When you parse HTML files using Beautiful Soup in Python, you might get many \xa0 characters appearing in your text string.
The \xa0 is a Unicode character representing non-breaking space HTML entity.
There are several ways you can replace the characters with white spaces in your text string:
- Use
unicodedata.normalize()method - Use
BeautifulSoup.get_text()method withstrip=Trueargument - Use
replace()method - Use
decode()method for Python 2
This tutorial shows how to use each solution to remove the text in practice.
1. Use unicodedata.normalize() method
The unicodedata.normalize() method in the unicodedata module can be used to normalize the \xa0 characters, replacing them with white spaces.
The method requires two arguments:
- The normalization form used in the process (‘NFC’, ‘NFKC’, ‘NFD’, and ‘NFKD’)
- The string you want to normalize
For the purpose of removing \xa0 characters, any normalization method you use works fine:
import unicodedata
test_str = "Python\xa0is\xa0awesome"
new_str = unicodedata.normalize("NFC", test_str)
print(new_str) # Python is awesome
Notice that the \xa0 characters are gone from the new_str in the example above.
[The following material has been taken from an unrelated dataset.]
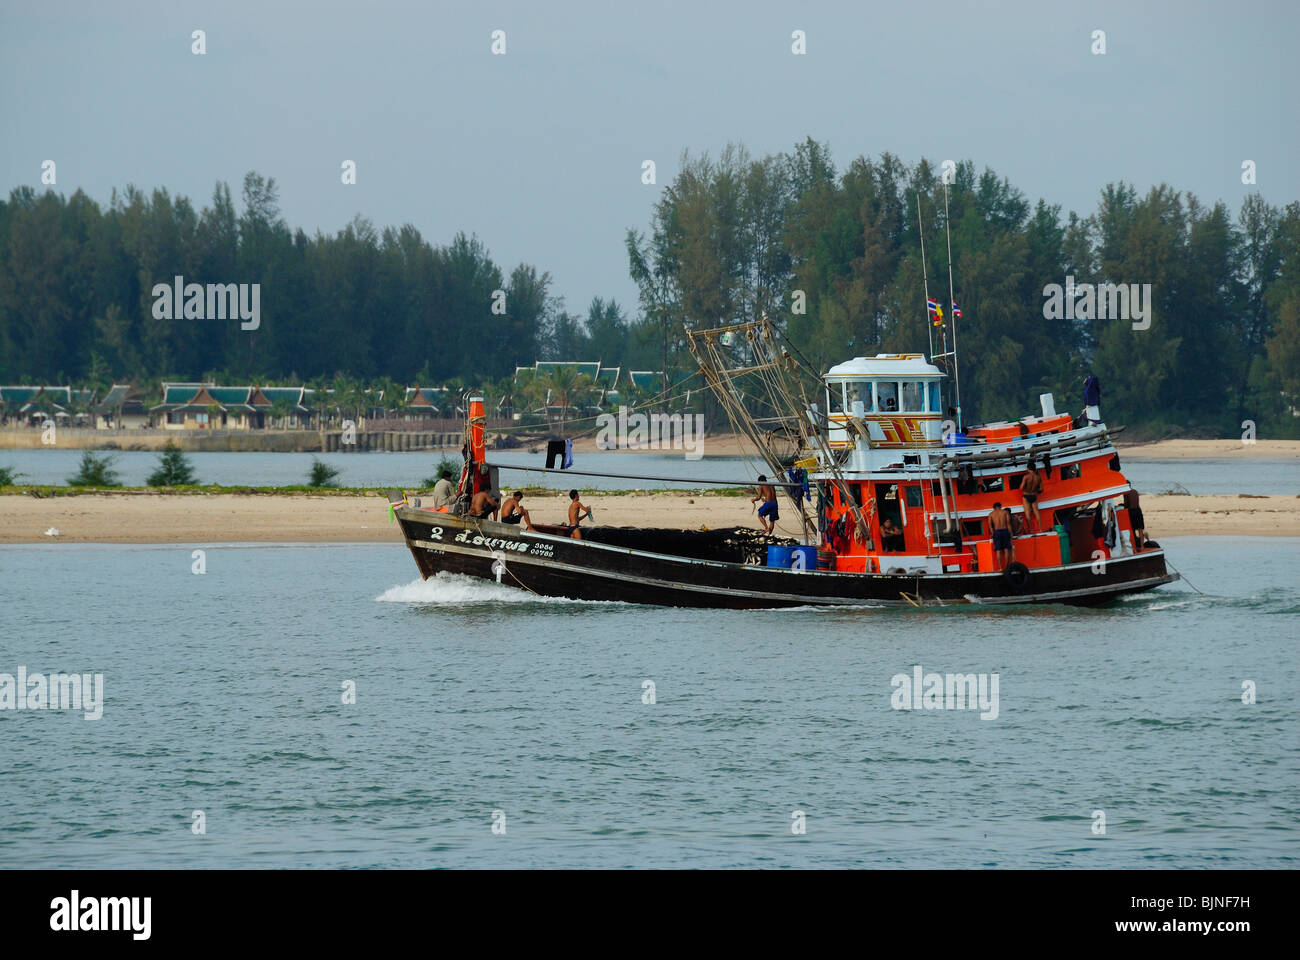 Wooden fishing boat leaving harbor of Ban Nam Khem, Thailand Stock Photo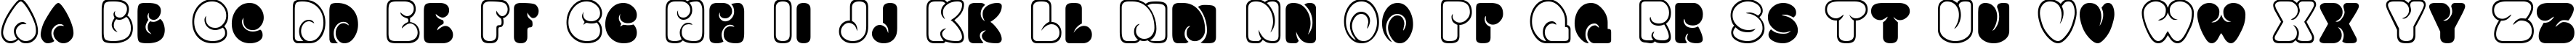 Пример написания английского алфавита шрифтом FK Alfonco.kz

2. Use BeautifulSoup.get_text() method
If you’re processing files using Beautiful Soup, then you can use the BeautifulSoup.get_text() method to strip HTML entities from the result string.
You only need to pass the argument strip=True when calling the get_text() method as follows:
from bs4 import BeautifulSoup
with open("index.html") as fp:
soup = BeautifulSoup(fp, 'html.parser')
text = soup.get_text(strip=True)
The result string will have the HTML entities stripped and should be replaced with white spaces.
If you still see the \xa0 characters, then you need to use unicodedata.normalize() to process the string.
3. Use replace() method
You can use the str.replace() method to remove \xa0 characters as follows:
test_str = "Python\xa0is\xa0awesome"
new_str = test_str.replace('\xa0', ' ')
print(new_str) # Python is awesome
This method works for both Python 2 and Python 3. Another benefit of using str.replace() is that you can use this method when you have a list of strings that have \xa0 characters.
The example below shows how to use list comprehension and str.replace() to remove \xa0 characters in the strings:
text_list = ["Python\xa0is\xa0awesome", "Learning\xa0HTML"]
new_list = [t.replace('\xa0', ' ') for t in text_list]
print(new_list)
# ['Python is awesome', 'Learning HTML']
4. Use decode() method for Python 2
If you’re using Python 2, then you can also choose to use str.decode() method to decode into ascii and ignore the Unicode characters:
test_str = "Python\xa0is\xa0awesome"
new_str = test_str.decode('ascii', 'ignore')
print(new_str) # Pythonisawesome
This solution isn’t recommended because the special characters can only be ignored, resulting in a string with no spaces. It’s better to use replace() instead.
Conclusion
You’ve learned different ways you can remove the Unicode characters \xa0 from a text string in Python.
The Unicode characters can be normalized using unicodedata.normalize() method, replacing them with white spaces. You can also use BeautifulSoup.get_text() if you’re processing text from HTML or XML files.
Alternatively, you can also use the str.replace(), but this method requires you to specify the string portion to replace, so you need to replace the process for every Unicode character you have in your string.
I hope this tutorial helps. Happy coding! 😉